The USDA spokesman said Prange's record showed "no trends that demonstrate inadequate food-safety systems" and no evidence of noncompliance since 2005.
Felicia Nestor, a senior policy analyst at the consumer group Food & Water Watch, said part of the USDA's food-safety strategy has been to encourage grinders to pressure their suppliers, but small grinders like Prange do not have enough market clout.
"It doesn't work," she said. "They're too small."
Nestor and other experts agreed it is unlikely, though not impossible, that a grinder would be the source of contamination from E. coli. The more likely culprit, she said, is the slaughterhouse.
"They're really at the mercy of the suppliers," said Nestor. "What happened to this guy is what happens all the time."
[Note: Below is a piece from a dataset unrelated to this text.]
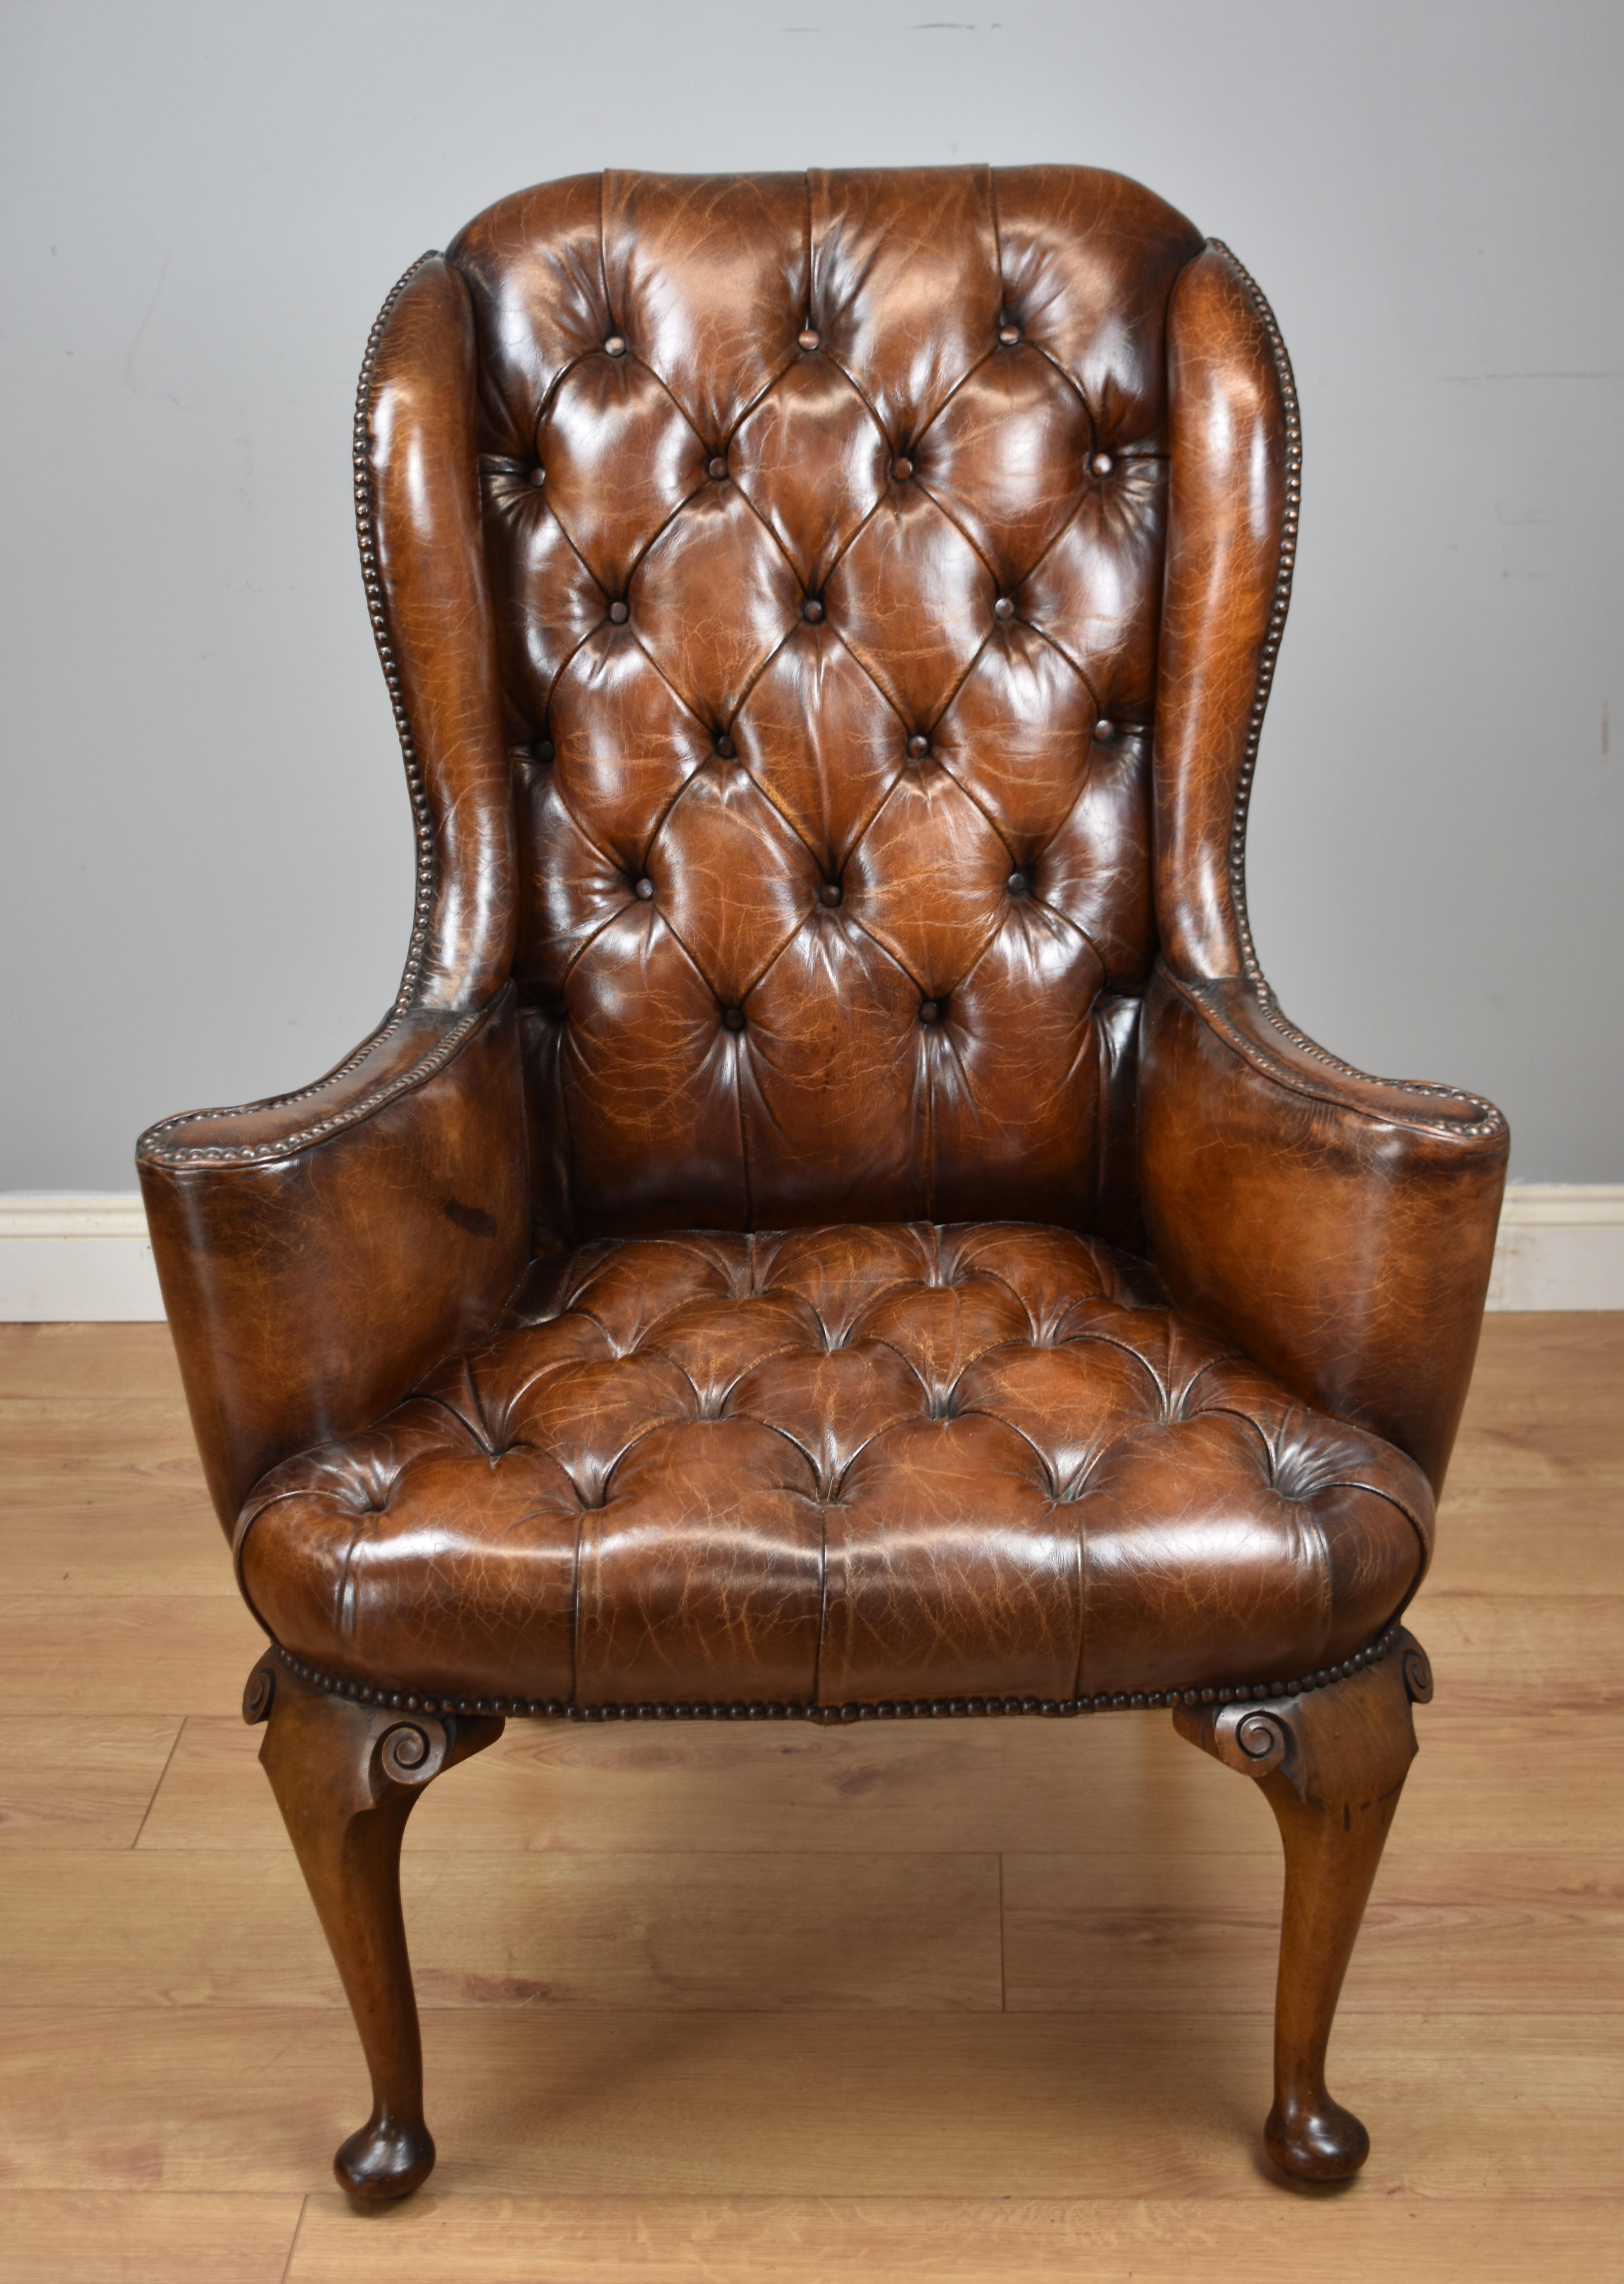 For sale is a fine quality Early 20th century hand dyed distressed brown English leather wingback armchair of small proportions. The chair has a deep buttoned back flanked by two wings, above a deep buttoned seat, with two scrolled arms. The chair

No illnesses were linked to the E. coli found in the sample from Kotara's grinding plant. Only 310 pounds of meat from that batch were shipped, mostly to local restaurants, hotels and institutions. Kotara was able to recover all but 10 pounds of it.
Kotara said the USDA told him either to destroy the more than 13,000 pounds of remaining meat or cook or irradiate it to kill the bacteria. Kotara said he tried unsuccessfully to find a facility willing to cook it. He eventually found a plant to cook 5,700 pounds of trim and was paid 20 cents on the dollar, a substantial loss.
Left with about 8,000 pounds, he looked into getting it irradiated. But irradiation, he said, is limited to all-beef patties, and some of his ground beef had soy in it. So he threw it away.
Kotara had planned to retire in two years, at age 62. Now he is looking for part-time work, and he remains bitter about the abrupt end to his business.
"They didn't force me out of business," he said with resignation. "But the uncertainty wasn't worth it when I was barely making a living. I can't keep losing $25,000 worth of product and survive."